Consider the contrast between two groups of Democrats, in Wisconsin and in the nation’s capital.

Washington Democrats, including President Obama, have allowed conservative Republicans to dominate the budget debate so far. As long as the argument is over who will cut more from federal spending, conservatives win. Voters may think the GOP is going too far, but when it comes to dollar amounts, they know Republicans will always cut more.

In Wisconsin, by contrast, 14 Democrats in the state Senate defined the political argument on their own terms – and they are winning it.

By leaving Madison rather than providing a quorum to pass Gov. Scott Walker’s assault on collective bargaining for public employees, the Wisconsin 14 took a big risk. Yet to the surprise of establishment politicians, voters have sided with the itinerant senators and the unions against a Republican governor who has been successfully portrayed as an inflexible ideologue. And in using questionable tactics to force the antiunion provision through the Senate on Wednesday, Republicans may win a procedural round but lose further ground in public opinion.

Here’s the key to the Wisconsin battle: For the first time in a long time, blue-collar Republicans – once known as Reagan Democrats – have been encouraged to remember what they think is wrong with conservative ideology.

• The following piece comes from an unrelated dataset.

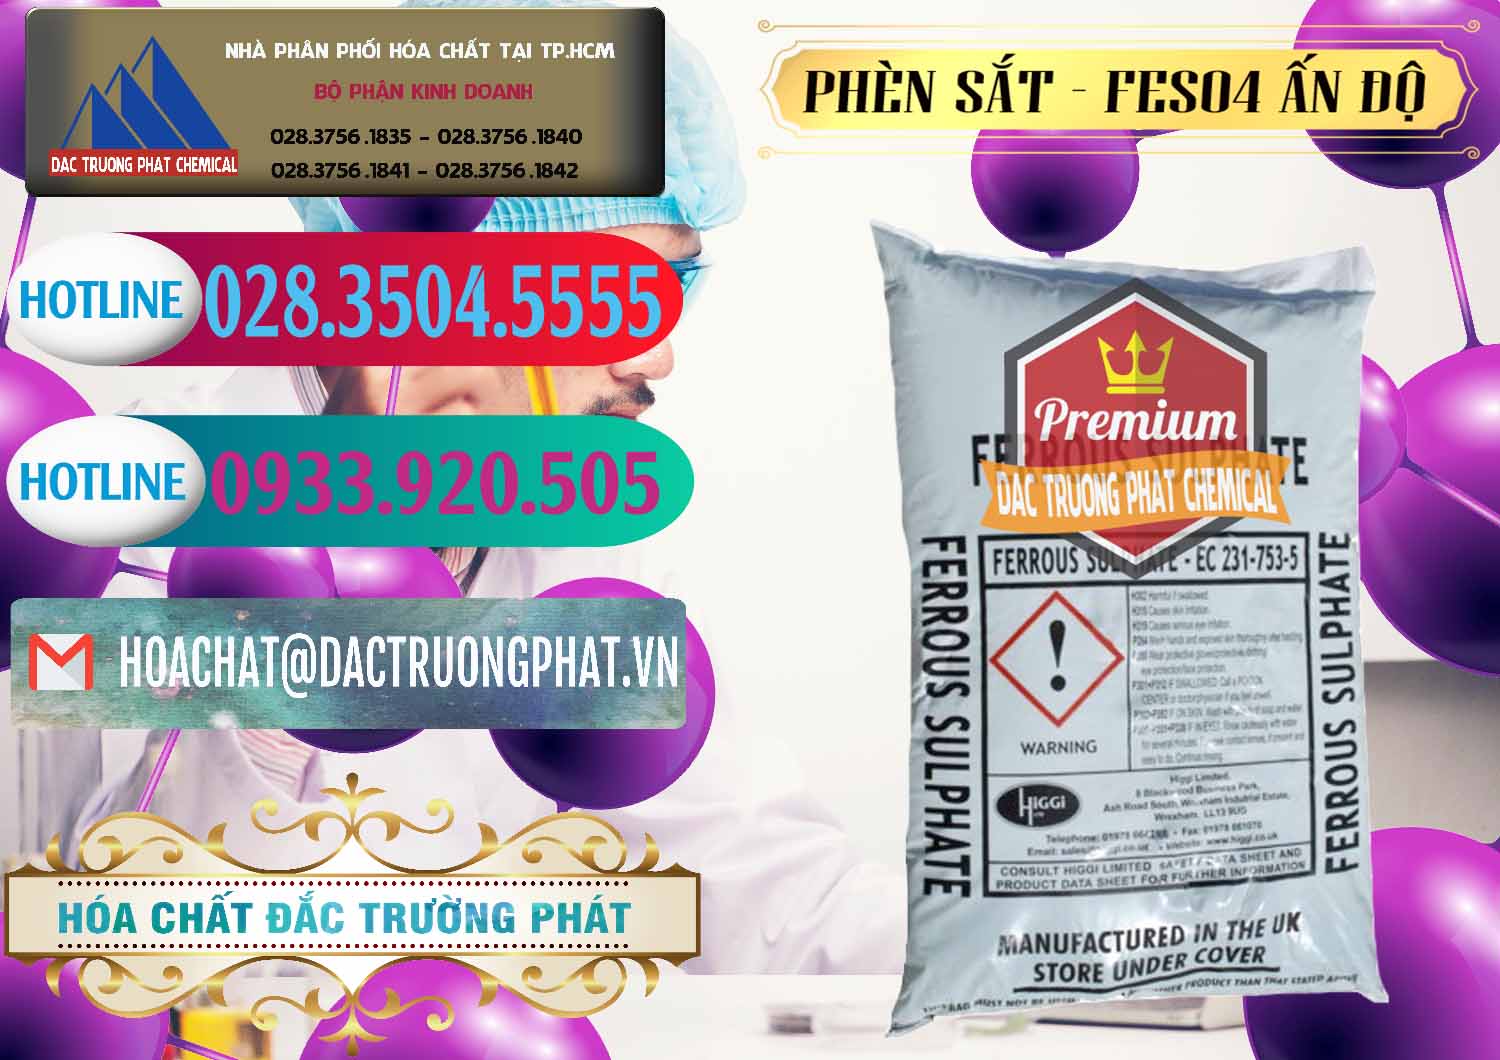 Nhà phân phối & bán Phèn Sắt - FeSO4.7H2O Ấn Độ India - 0354 - Cung cấp và kinh doanh hóa chất tại TP.HCM - truongphat.vn
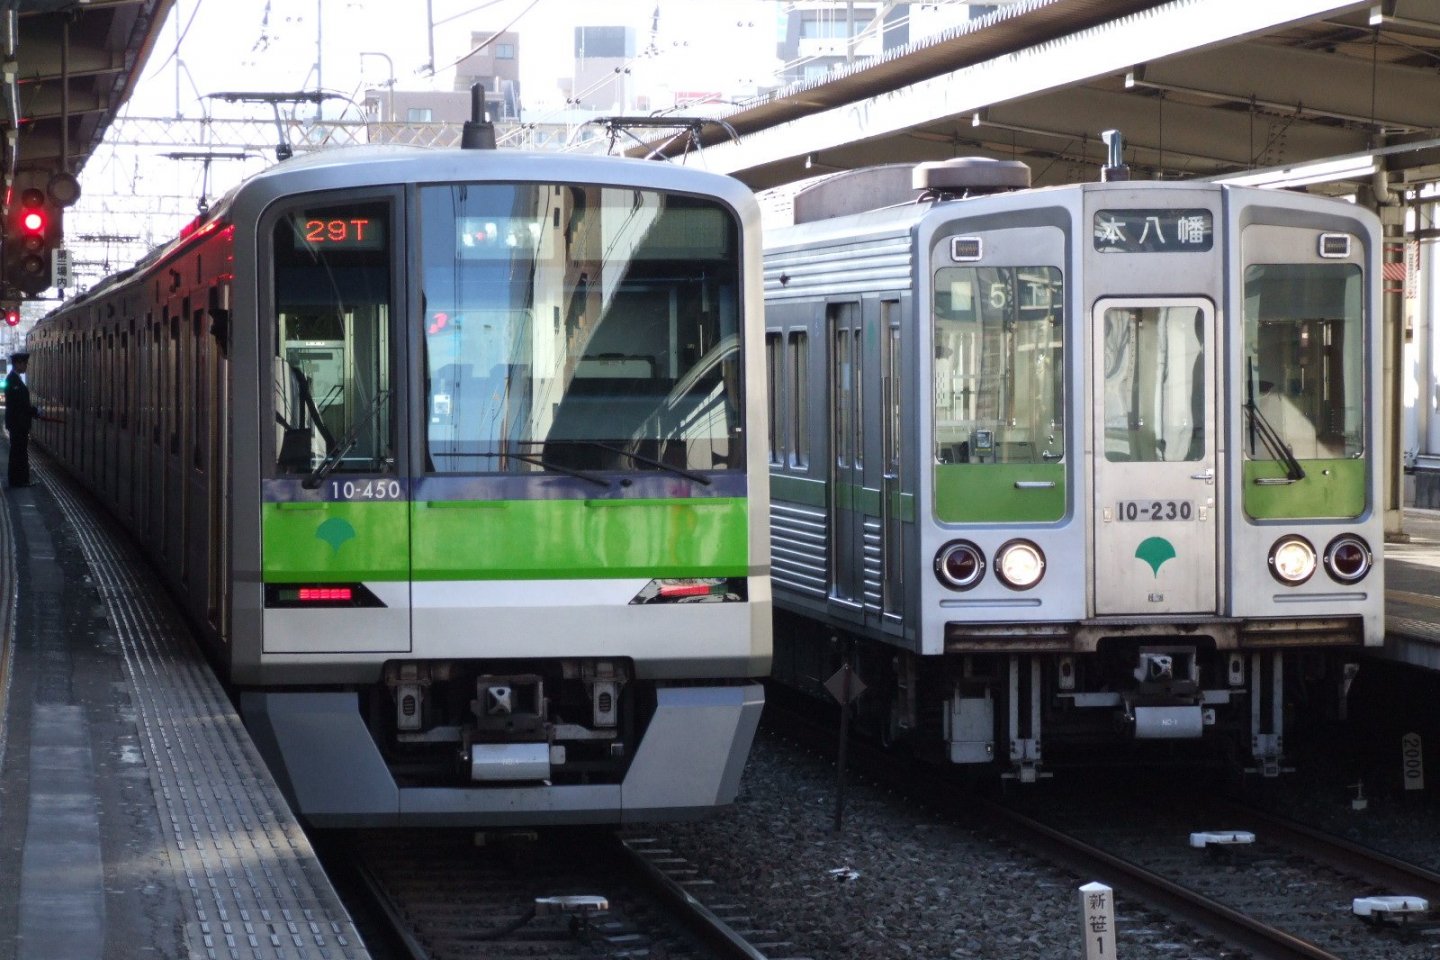 Toei Shinjuku Line trains

Working-class voters, including many Republicans, want no part of Walker’s war.

A nationwide Pew Research Center survey released last week, for example, showed Americans siding with the unions over Walker by a margin of 42 percent to 31 percent. Walker’s 31 percent was well below the GOP’s typical base vote because 17 percent of self-described Republicans picked the unions over their party’s governor.

At my request, Pew broke the numbers down by education and income and, sure enough, Walker won support from fewer than half of Republicans in two overlapping groups: those with incomes under $50,000 and those who did not attend college. Walker’s strongest support came from the wealthier and those with college educations, i.e., country club Republicans.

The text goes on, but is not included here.